This month in honor of Ramadan, Salima Benkhalti shares her dad’s special Moroccan Harira recipe, a traditional soup used to break the fast, also known as Iftar.
Salima’s Moroccan Harira soup is part of our Flavors of Culture series where we explore the powerful connection between food and culture with food allergies.
Who is Salima?
Salima is the voice, recipe developer, and photographer behind Salima’s Kitchen. She shares her blend of Moroccan and Puerto Rican heritage through cooking tips and creative, vibrant recipes with an allergy friendly focus.
Her allergies include soy, sesame, hazelnuts, cats, dogs, and several kinds of trees and pollen.
Salima’s Moroccan Harira Recipe and food traditions
- What do food traditions mean to you?
Food traditions are the root of my culture. Growing up with parents from two different cultures, we came together every night at the dinner table with a common love of food.
My parents met in France as starving college students. My dad expressed his love through food, so they would cook together instead of going out on dates. This tradition carried on into my childhood.

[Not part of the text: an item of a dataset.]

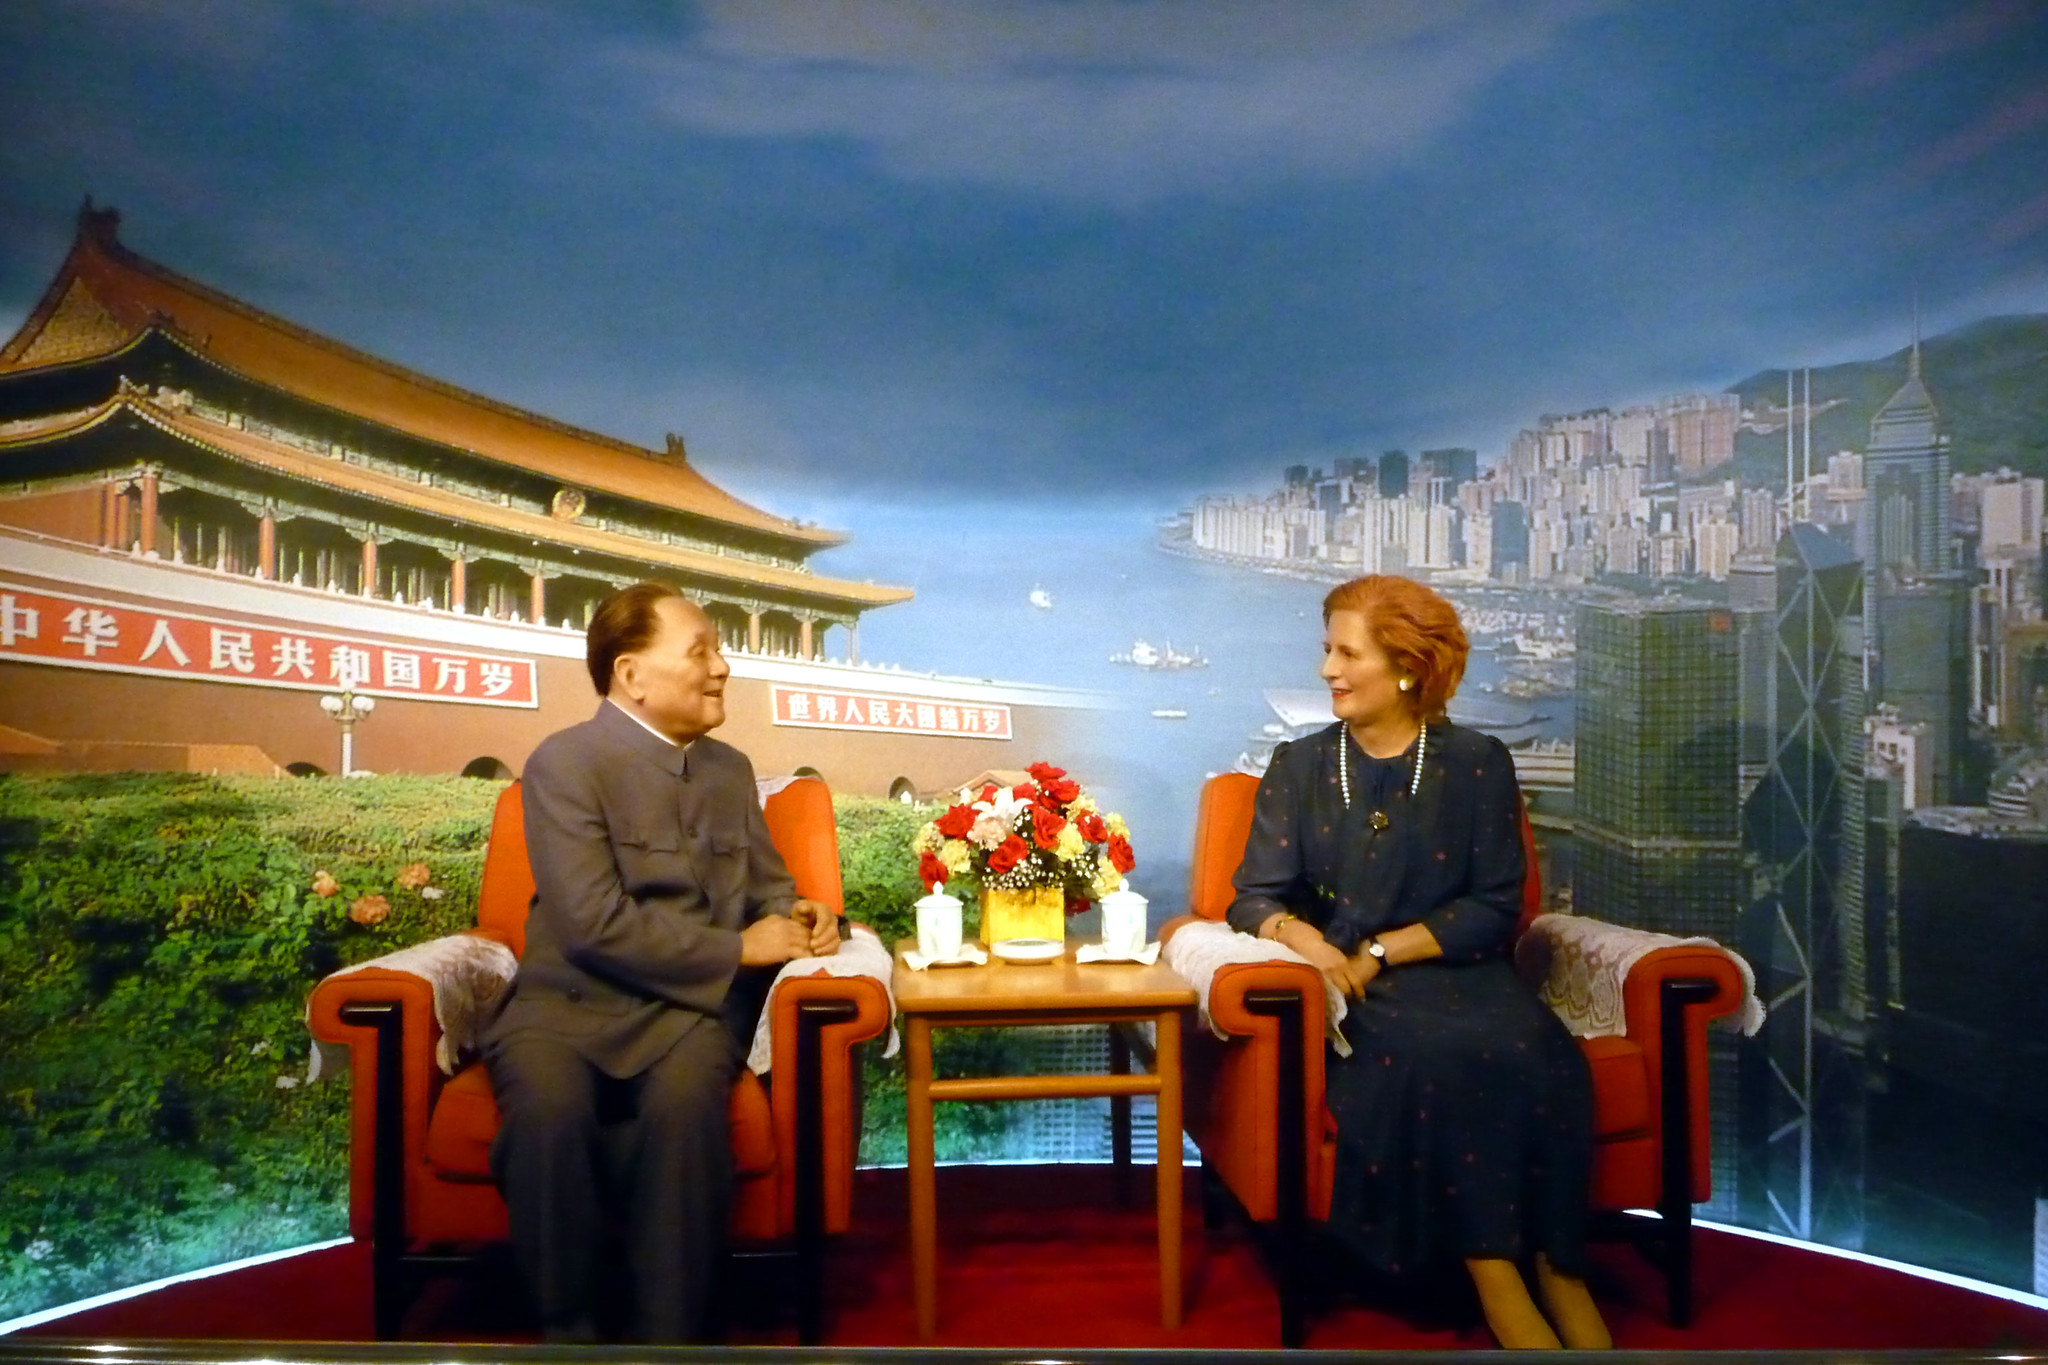 Teng-Hsziao-ping és Margaret Thatcher egy sencseni panoptikumban - működött a kifárasztás.

We rarely went out to eat as we knew we could create more magic in our own kitchen.
While my mom grew up eating fresh tropical fruit, rice and beans, my dad’s steady diet consisted of lamb, bread and every vegetable you could imagine. Together, they married spices such as cayenne and cinnamon with ingredients like coconut and plantains in a way that worked without any explanation needed.
When we weren’t eating traditional Moroccan or Puerto Rican dishes, my parents were concocting something completely new in the kitchen.
- When did you learn to cook and how has cooking empowered you to manage your food allergies?
As a young girl (8-10 years old), my parents decided that they wanted my brother and I to be responsible for cooking one meal a week. My mom would provide the cookbooks or ask us to browse online for dishes we wanted to make. Then, she’d help us find a recipe and shop for ingredients.
We would roll up our sleeves and get cooking. This kind of encouragement gave me such a sense of confidence in the kitchen and empowered me to manage my food allergies.
Every evening over dinner, we talked about what we were eating and shared stories from our day. Through these family meals, I learned how special food is; to embrace it and not fear food because of my food allergies.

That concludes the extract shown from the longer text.